Do You Still Have Hope For the United States?

I don’t think this is accurate. You’re free to explain why you feel it is accurate because I appreciate people whose opinions don’t line up with mine offering me counterpoints, but this isn’t my experience.

For one thing (and this is very important) it is only white rural areas that vote overwhelmingly for Republicans. There are rural counties in America full of blacks, Latinos and native Americans. They have the same problems. Job losses, drug overdoses, loss of hope, out of control health care costs, etc. But the white counties vote republican and the non white counties vote Democrat. They have the exact same problems, but skin color determines which party they vote for.

Also these problems exist in the cities too. We have drug problems, unemployment, health care costs, etc to worry about too.

But the democrats at least offer policy to help. The gop does not. They offer unrealistic solutions or empty rhetoric and then govern like plutocrats.

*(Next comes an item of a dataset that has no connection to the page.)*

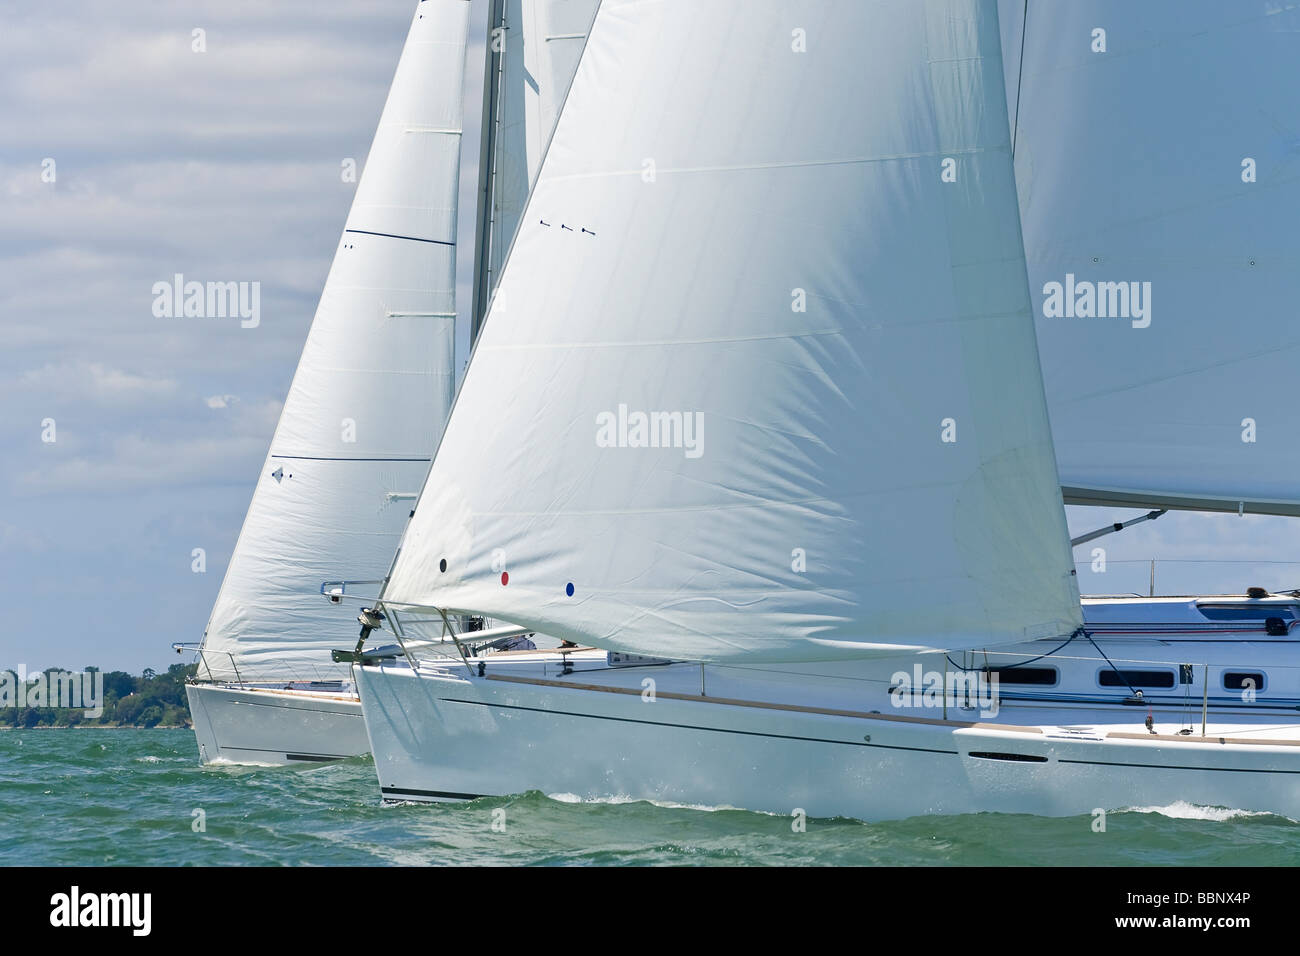 Two beautiful white yachts sailing close to each other on a bright sunny day Stock Photo

I agree we on the left have a lot of contempt for rural conservative whites. We do. But a big part of that is because we view them as bigoted hypocrites. The problem is rural values normally are code for ‘opportunity for me, but not for thee’. Basically, according to their values, they can get married but gays can’t. They can protest injustice (like government brutality and oppression) but blacks can’t. They can get welfare but other people shouldn’t. They deserve religious freedom but Muslims and atheists do not. They want freedom and welfare, but only for themselves. They want everyone else to live in an authoritarian, dog eat dog world while they get to live in a free, safe enclave. It’s infuriating.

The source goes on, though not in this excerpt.